Sam Reese Sheppard is back in Cleveland, back in the old rust belt city which has been beating him up for decades. Sam sits in a tight blue suit within the morning warmth of a plain wood-framed house on a quiet street lined by half-nude trees and banks of fallen leaves. It is October. It is 45 years to the day since Sam's father was first tried for murdering his mother.

A life of harrowing moments and grim circles. This morning Sam Reese Sheppard's civil case against the city of Cleveland was scheduled to begin. Sam had walked from Washington to Cleveland to highlight both the case and his ongoing campaign against the death penalty. The walk finished 18 hours ago to the studied indifference of the Cleveland media. Instead of being in court he is sitting here, telling his story, kicking his heels.

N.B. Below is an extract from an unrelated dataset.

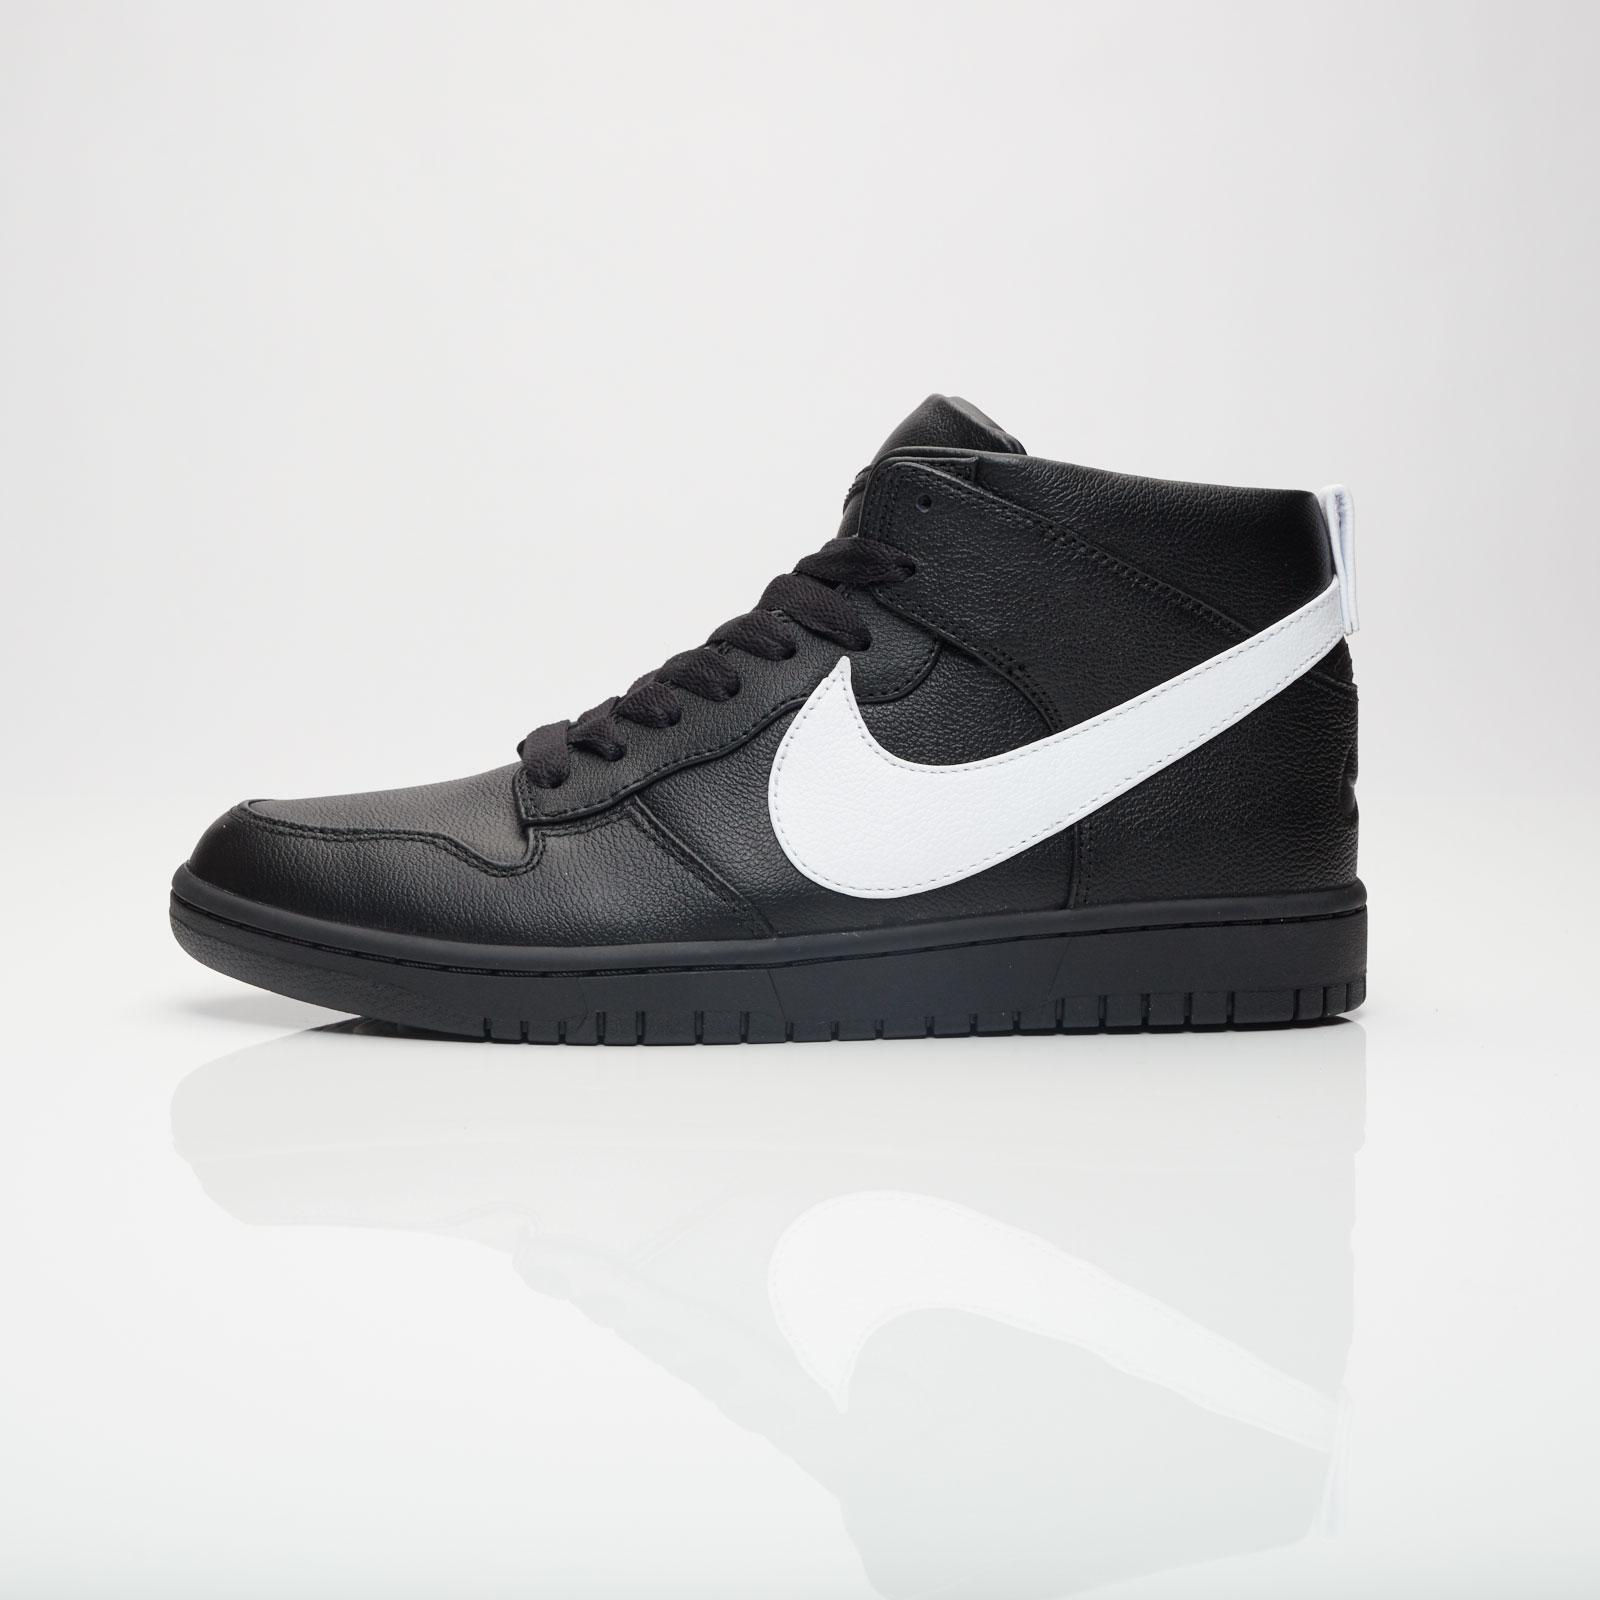 8cac20319cc7 Nike Dunk Lux Chukka   Rt - 910088-001 - Sneakersnstuff

The city outside has kicked Sam Reese Sheppard again. One evening not too long ago he had come home from a long training walk in Oakland, California where he lives. His head was clear and calm after 21 miles of rhythmed solitude until he replayed a phone message. "Sam, they're going to dig up your mother's body. I'm sorry. Talk to you tomorrow."

And the old feelings gripped him again, grief eating another piece of him as the city of Cleveland calculatedly postponed the long anticipated civil trial by launching a fishing expedition through the remains of his mother and brother. The city prosecutor was giving a press conference about the exhumations before any official contact came from the city. Same old story.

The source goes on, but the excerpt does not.